§ Material provided
◆ ◆ ◆ ◆

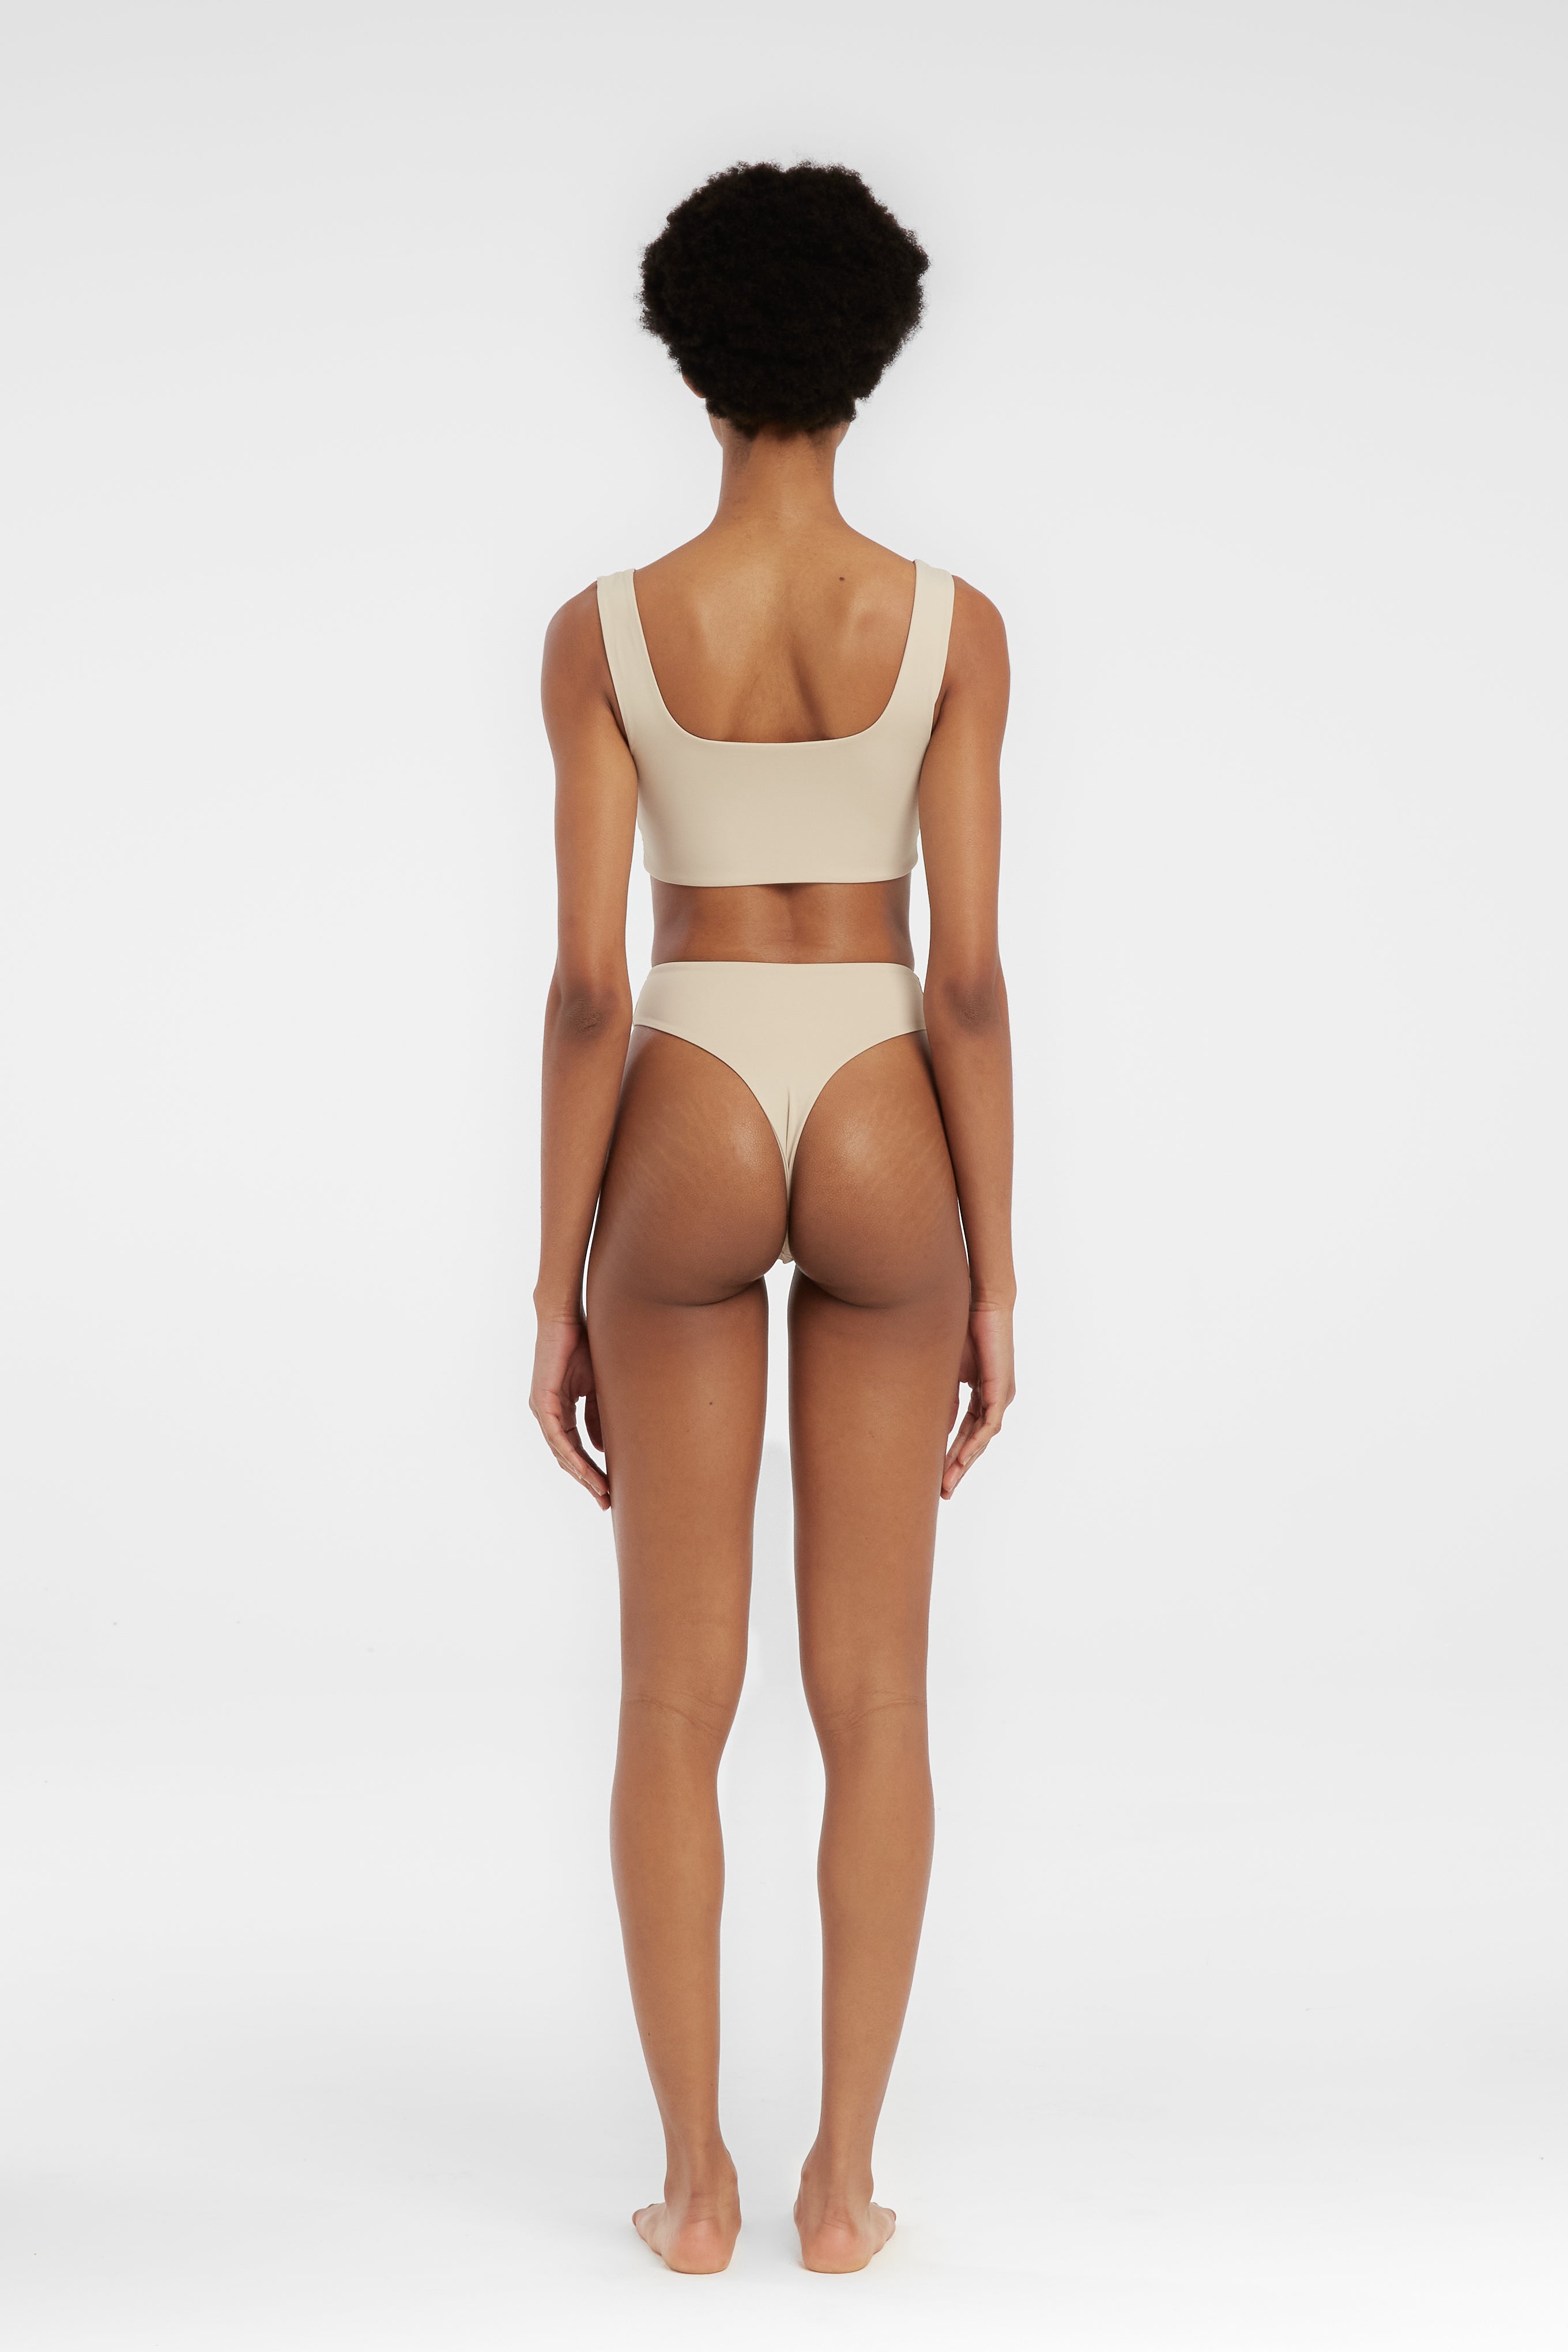 Aria Top-Coconut bikini top
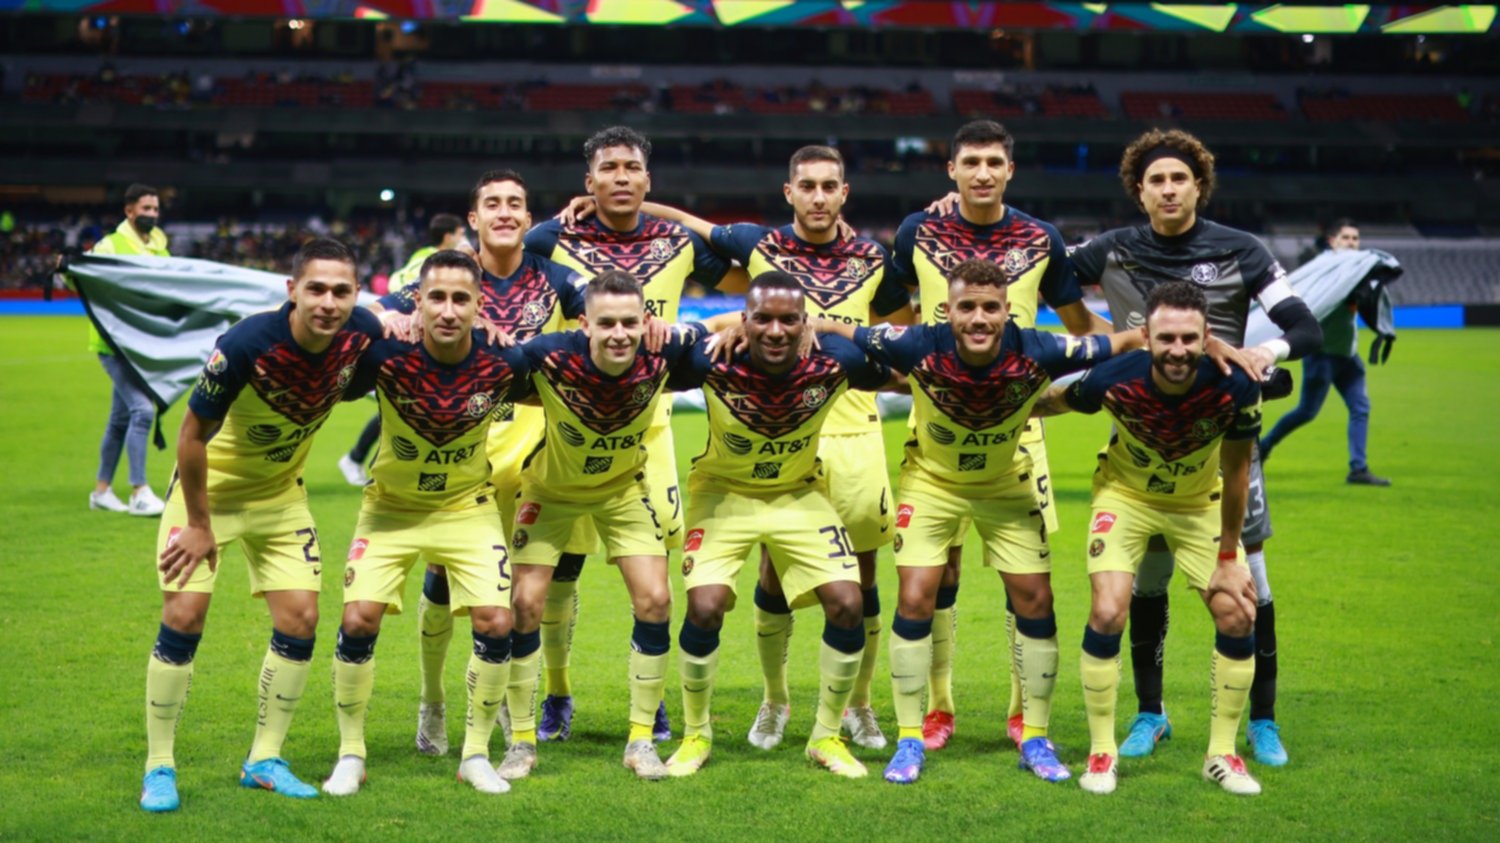 sorpresas que el Club América en equipo para su pendiente contra Mazatlán FC | Pasión Águila
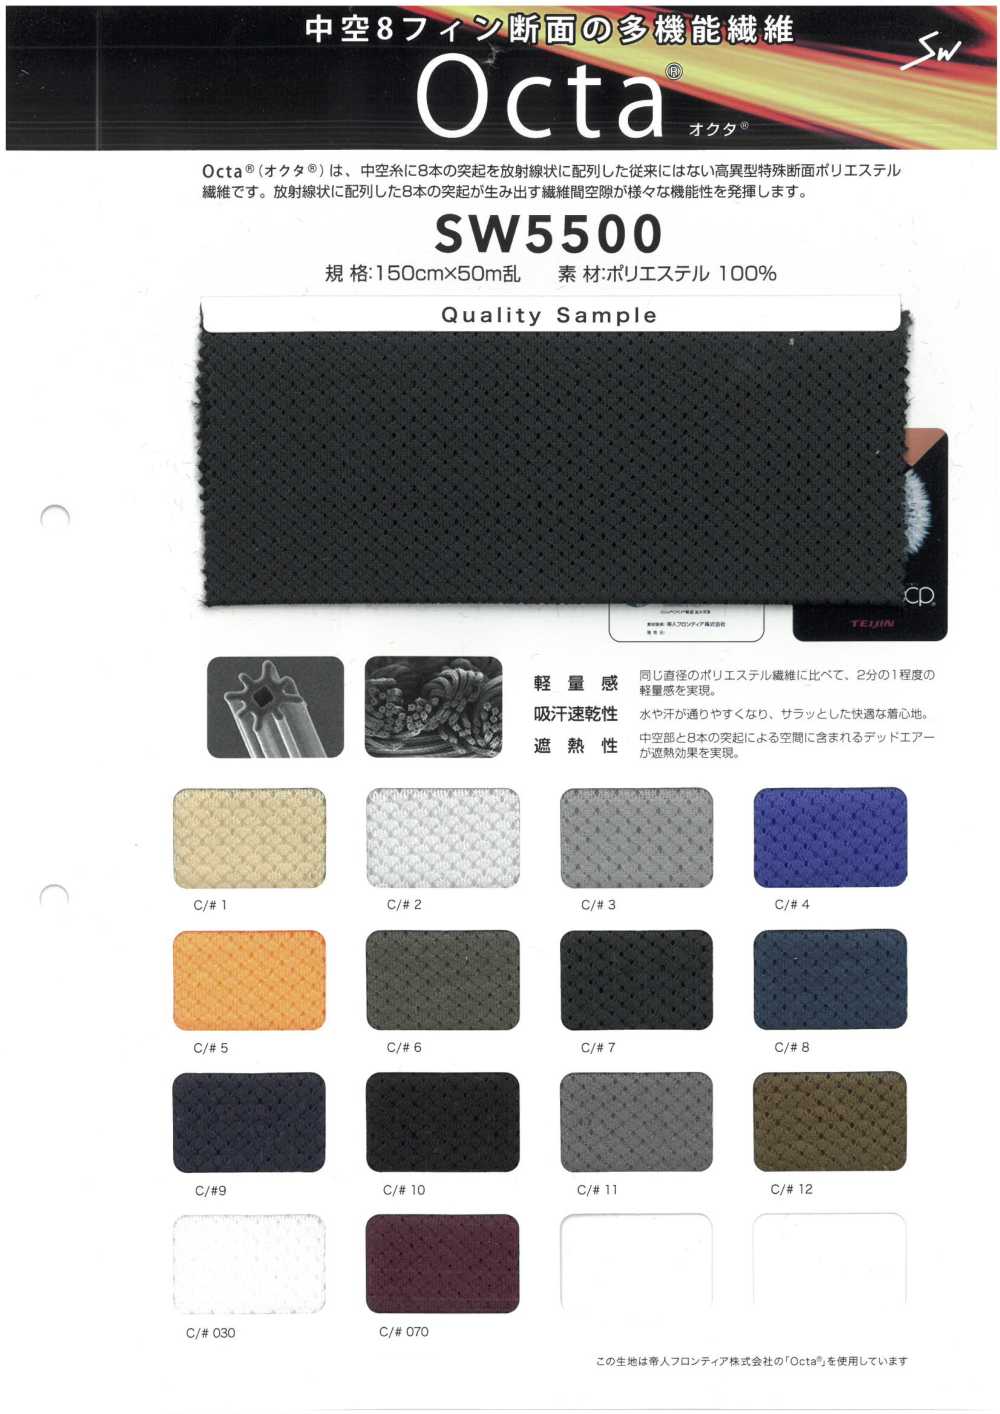 SW5500 Octa® 옥타®[원단] 삼화섬유

◆ ◆ ◆ ◆

§ Exercise prompt
Reproduce all of the material above word for word. Omit the pictures.

§ Exercise response
 Aria Top-Coconut bikini top
 sorpresas que el Club América en equipo para su pendiente contra Mazatlán FC | Pasión Águila
 SW5500 Octa® 옥타®[원단] 삼화섬유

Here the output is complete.